И вдобавок ко всему то и дело выступают вперед подозрительные, землистые лица, слышатся голоса с особенной, то хрипучей, то гортанной или носовой зловещею нотой. И большая часть из таких больных сами не знают еще, что уже носят в себе сильно развитую болезнь.
Писарь, сидящий рядом со мной, то и дело как-то странно откашливается.
— Вы здоровы? — спрашиваю я у него.
— Здоров… вот что-то… перехватило.
Но я вижу ясно, что уже болезнь подвинулась далеко, проступает в слезящихся глазах, в землистом лице.
Несчастный муж сифилитической бабы то и дело выдвигается из толпы и прерывает нашу работу…
— Ваше благородие, как же мне с бабой-те быть?..
— Молчи, видишь, сейчас некогда.
— Терпежу нет. Дети… Изба махонькая…
Через несколько минут его мрачный, глухой и страдающий голос опять нарушает угрюмую тишину этого угнетенного схода:
— Из сил я выбился. Смерти господь не дает ей. Господи, царица небесная!
На улице он опять выдвигает вперед старосту и сам приступает к нам с неотвязным вопросом:
— Как быть?.. Терпежу нету мне, невозможно мне терпеть, ваше благородие, сделайте божескую милость…
Я даю ему денег на больную, — это все, что я могу сделать. Больная неизлечима, болезнь ее в этом периоде не заразительна, поэтому ее не возьмут в больницу. И вот, целая семья живет в тесной избе с полуумершим и разлагающимся человеком, отравляемая невыносимым «духом». Это, господа, не голод, это не связано ни с засухой, ни с неурожаем. Это для Петровки, для многих Петровок — обычное, заурядное, хроническое явление!
С тяжестью в голове, отуманенные, выбрались мы из тесной избы, с плотной, угрюмой толпой, с ее угнетенным, подавленным и подавляющим настроением, с этими землистыми лицами мужиков, женщин, детей и подростков, едва выделявшихся в парном и темном воздухе курного жилья. На дворе нас встретил уже вечер. Мгла. Лес стоит невдалеке, задернувшись сизым туманом… Там, в двенадцати верстах, в чаще стоит Ташинский завод, наделяющий эти подлесные деревеньки скудным заработком и «дурною болью». А тут уже — с поцелуем матери, с куском поданного Христа-ради хлеба, с надетым на время чужим платочком, — переходит невидимо дурная боль от человека к человеку, из избы в избу и ужасом давит несчастную, темную, беззащитную в своем невежестве деревню.
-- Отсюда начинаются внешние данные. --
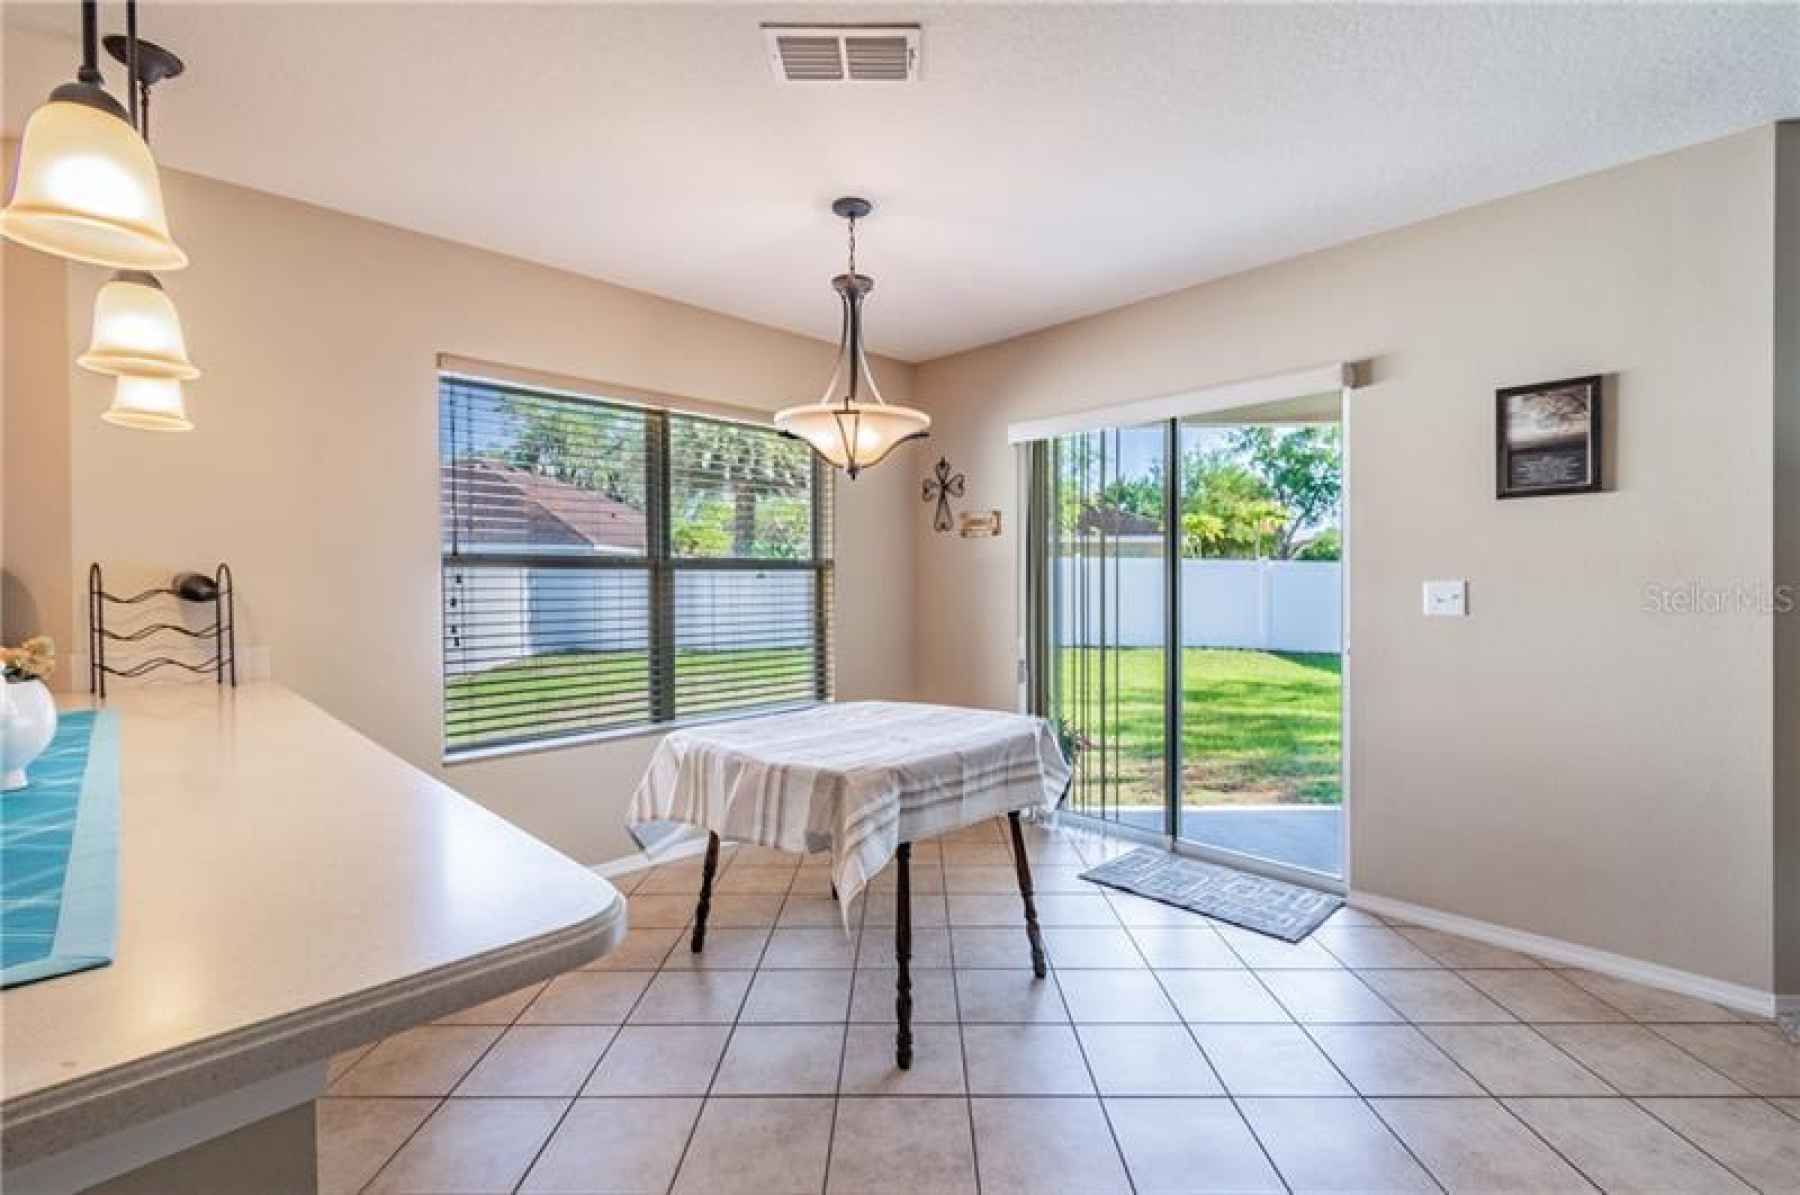 Dining room with doors leading to covered patio and fenced yard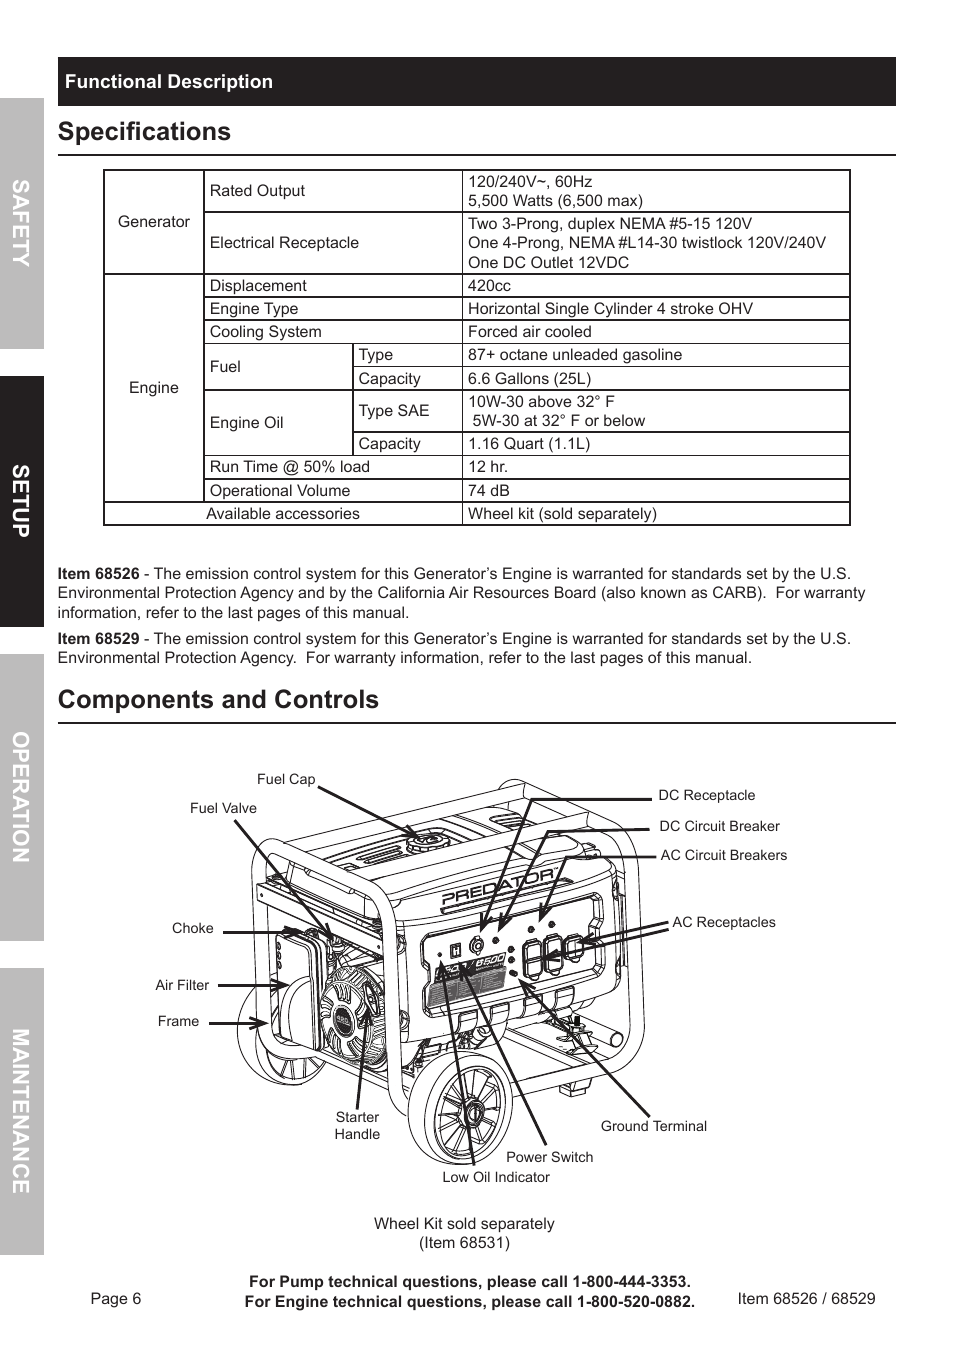 Specifications, Components and controls, Safety o pera ... l14 20 wiring diagram

Мы зашли в ближайшую избу — Кутьина, Степана Егорова. Сам хозяин — явный сифилитик, у которого, по образному выражению одного из его односельцев, лукавая болезнь уже «забралась в нутренность и начинает втягивать нос за собой». Нос у него припух, он гнусит. Его уже все признают больным. В тесной, черной курной избе — две бабы, обе худые до невероятности, одна беременная, другая держит на руках ребенка. На грядке — лукошко с кусками хлеба, собранного подаянием. За этим хлебом с утра ходила по дальним деревням девочка лет семи. Сколько ей пришлось выходить, видно из того, что она по пути заходила на завод, что, по прямому пути, составит двадцать четыре версты, считая туда и обратно.
Теперь она спит. Устала. Предыдущую ночь тоже не слала, потому что заболел палец, всю ночь металась и стонала. На заводе доктор перевязал… Пахнет йодоформом… Признак плохой!..
— Отчего заболело? Ушиблась?
— Нет, так… без всего, просто заболел, — отвечает мать, любовно гладя волосы у спящей. — Теперь пришла, притомилась. «Мама, я ляжу». — Ляжь, моя милая, ляжь! Кормилица наша!.. Видишь, и не разделась, так заснула.
Я наклоняюсь. Одетая, даже в сермяжном кафтане, девочка спит глубоким сном. На лице спокойствие забытья. А в изголовии уже, быть может, стоит роковая судьба, и несчастному ребенку предстоит умирать страшною, незаслуженною смертью… За что?..
Я отказался заходить в другие избы. На дворе совсем стемнело. Маленькие, бесформенные хижины, больше похожие на кучки навоза, под мрачной стеною леса… Кой-где огонек, жалкие оборванные фигуры, с удивлением рассматривающие невиданных великолепных господ. И в самом деле, какими великолепными должны мы казаться этим «нежителям», с нашими здоровыми лицами, дохами, шубами, с этими сытыми лошадьми, нетерпеливо бьющими копытами землю… И притом еще — какие благодетели!